In the United States, more than 600,000 people go missing every year, according to the National Missing and Unidentified Persons System (NamUs). While many children and adults in general have been recovered and found alive, tens of thousands of individuals remain missing for more than a year and eventually turn to "cold cases". The system estimated 4,400 unidentified bodies recovered each year, with approximately 1,000 remain unidentified after one year.

Students at Honey Bee Initiative and the Forensic Science Research and Training Laboratory, GMU, teams up with honey bees, the "latest crime fighters", to find these missing persons, Newsweek reported.
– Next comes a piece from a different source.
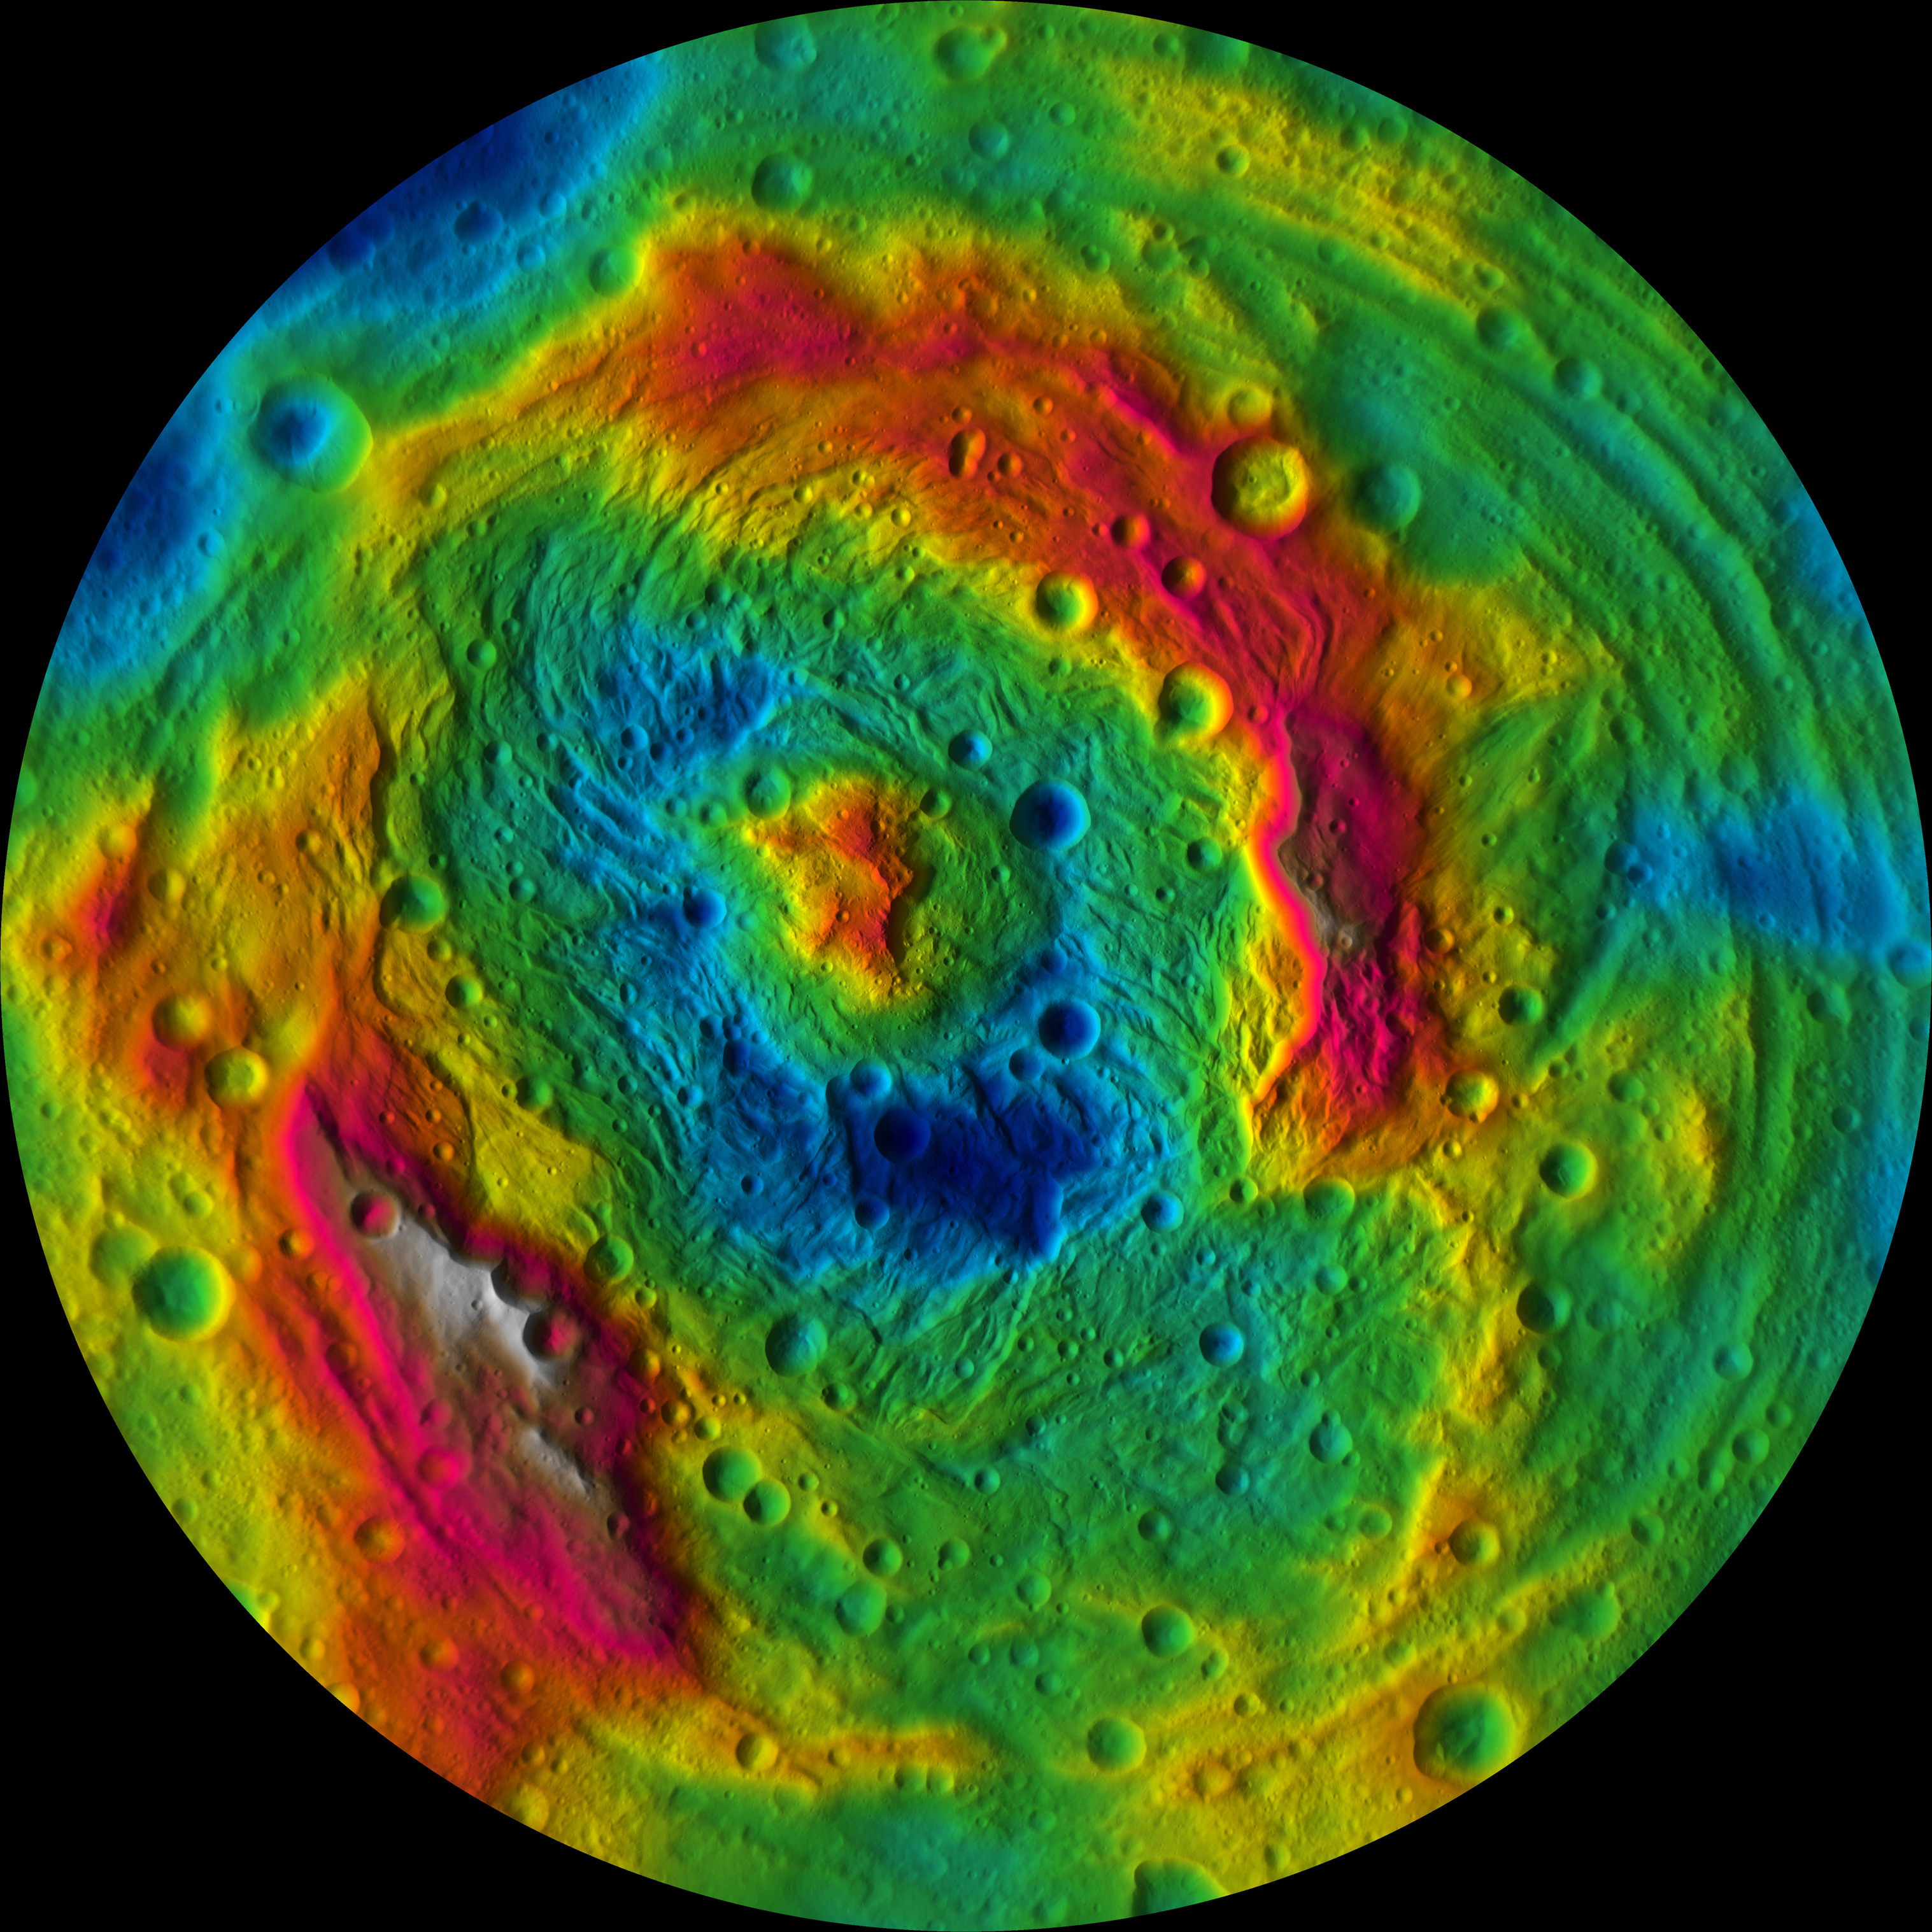 Color enhanced view of asteroid Vesta

Here's how:

 

Forensics Honey Bee Experiment

 

Honey bees contain proteins with biochemical information that's already been widely used by scientists in detecting illegal pesticides in vegetables and fruits, or microplastic pollutants in the air, says Anthony Falsetti, an associate professor in GMU's forensic science program, in US News.

"Whatever's in the environment, gets into the plant. ... Bees take in a sample of the environment wherever they go," Falsetti said.
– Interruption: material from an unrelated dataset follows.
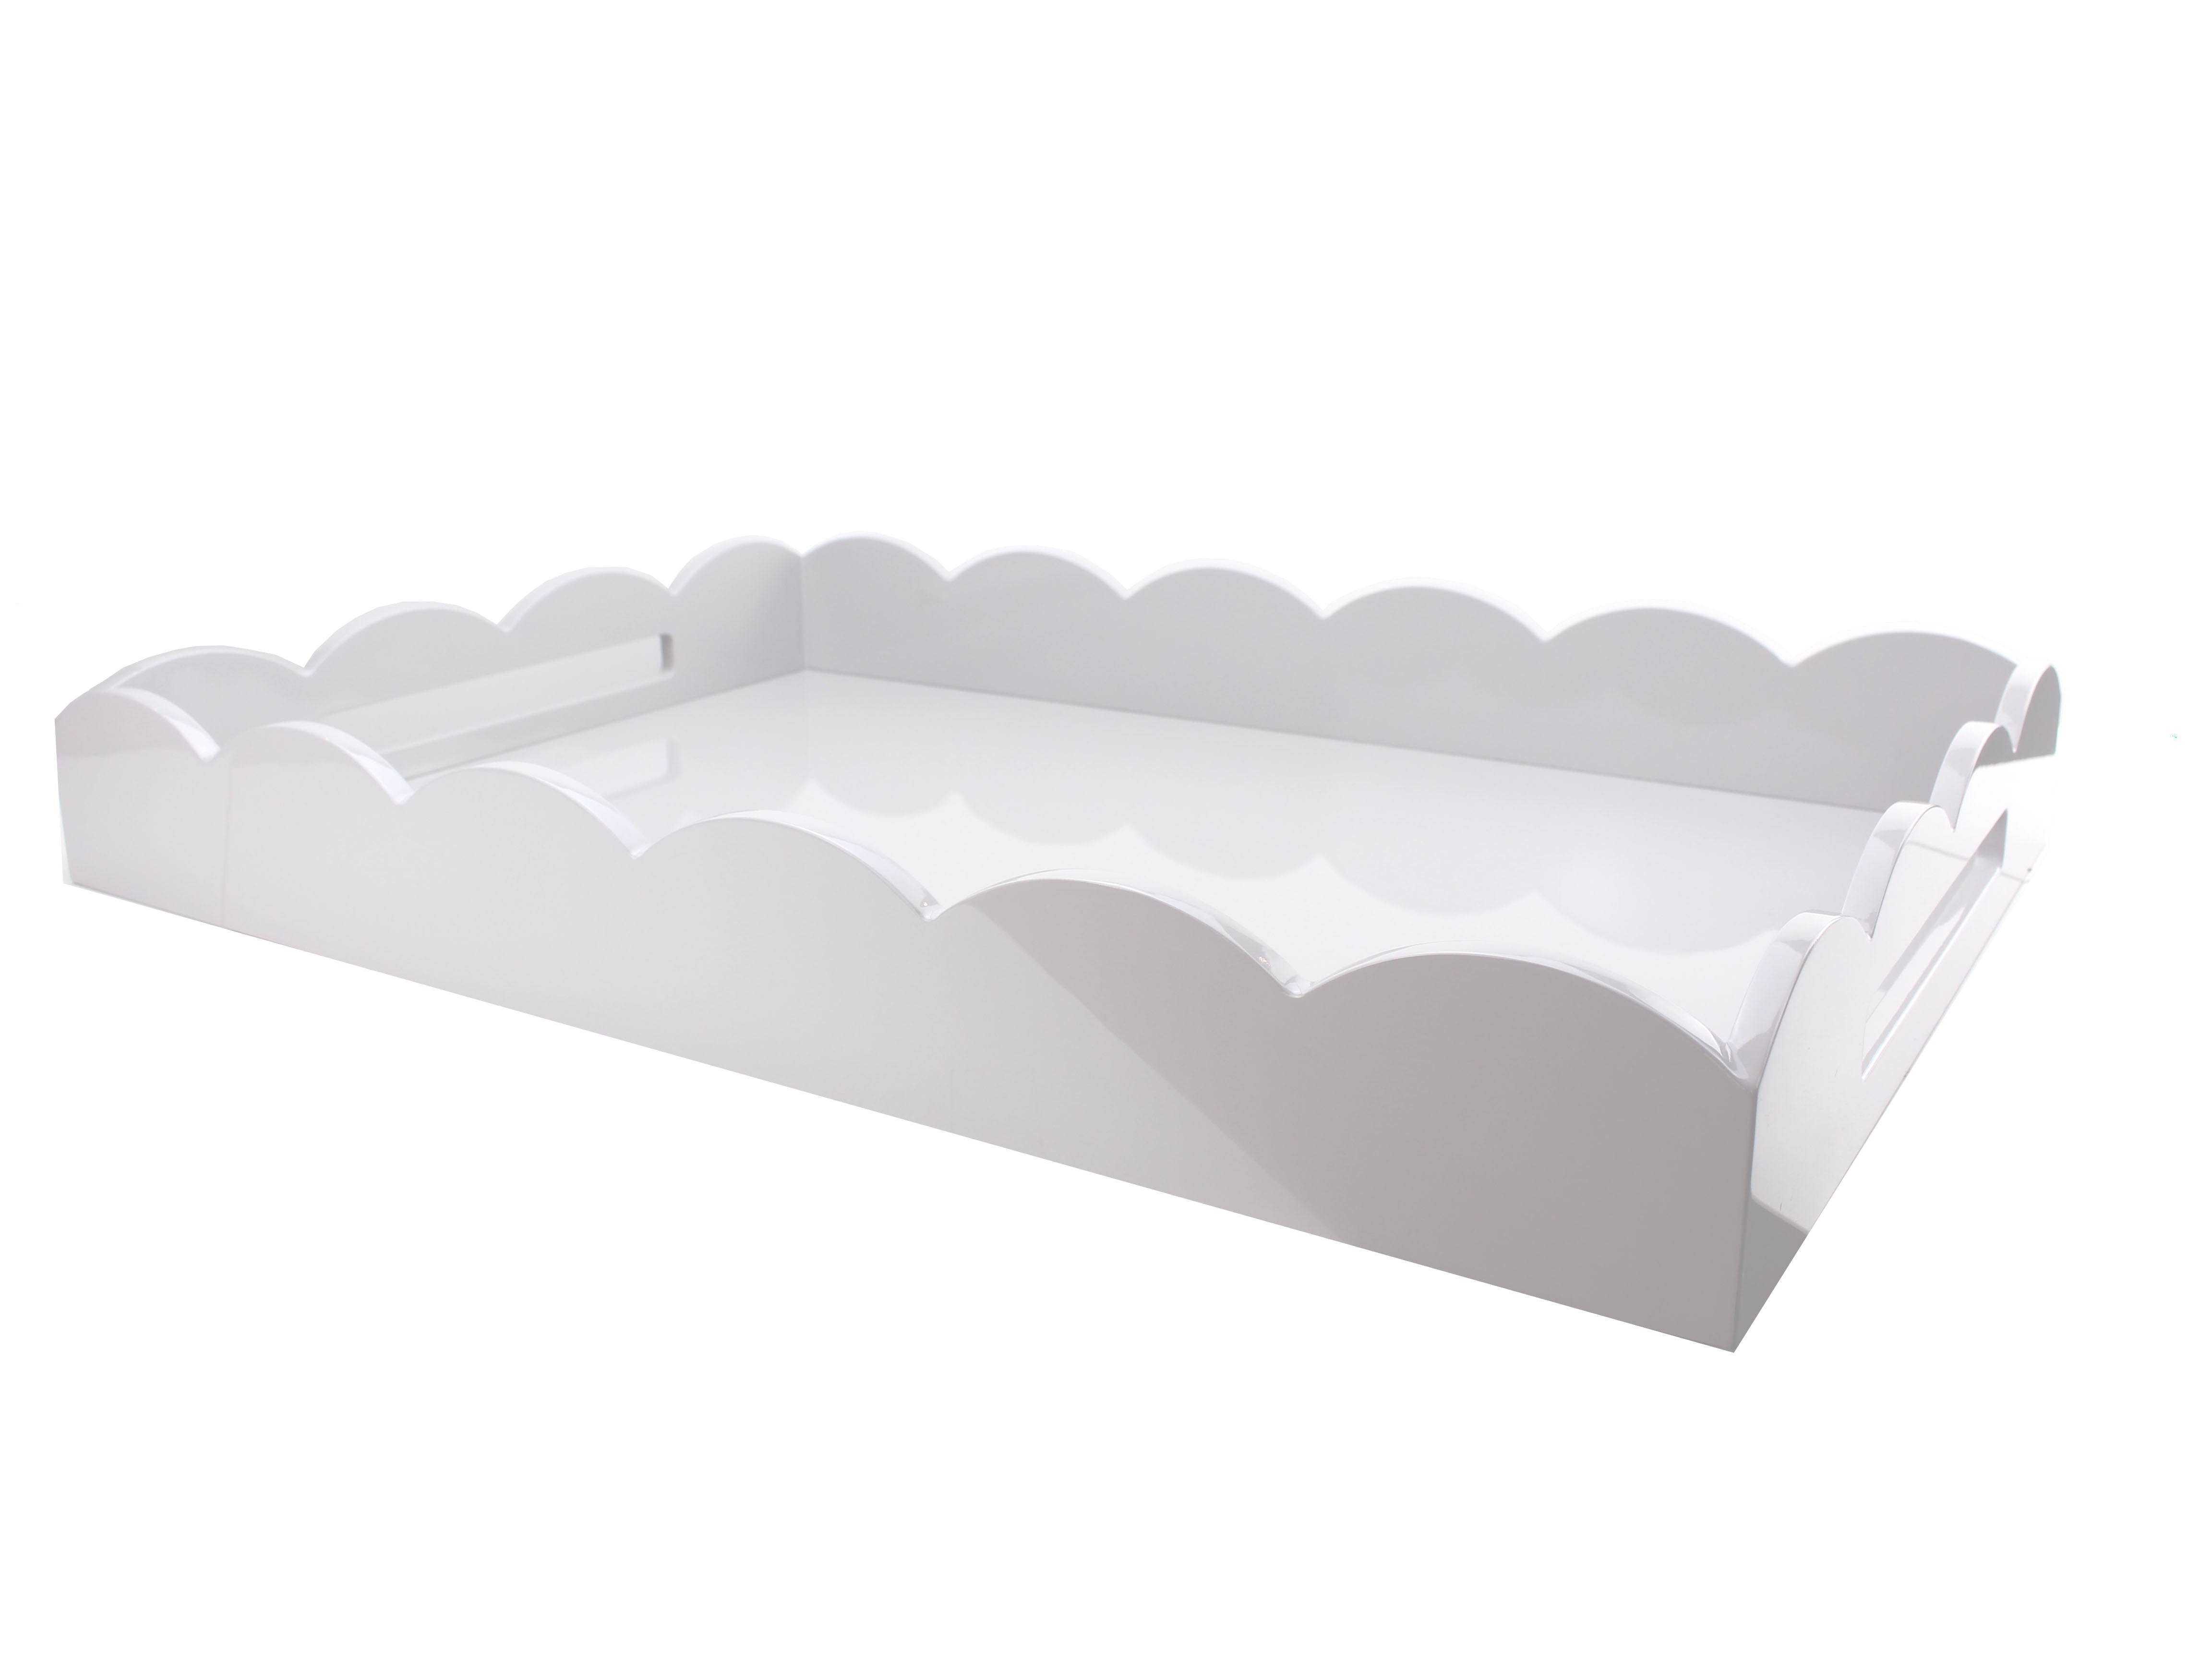 Scalloped tray | Large white | Addison Ross

Alessandra Luchini, a biologist at GMU, brought to Falsetti this process of extracting said proteins from honey, but instead of determining if the bees had ingested pesticides, the GMU forensic science students will be searching for human proteins that could exist in the small samples of honey.

"We thought, well, if bees are feeding on flowering plants that are near decomposing bodies, would the chemical compounds of human decomposition be part of the proteins that the bees ingest? And if they ingest it, will they deposit it in their honey?" Falsetti explains.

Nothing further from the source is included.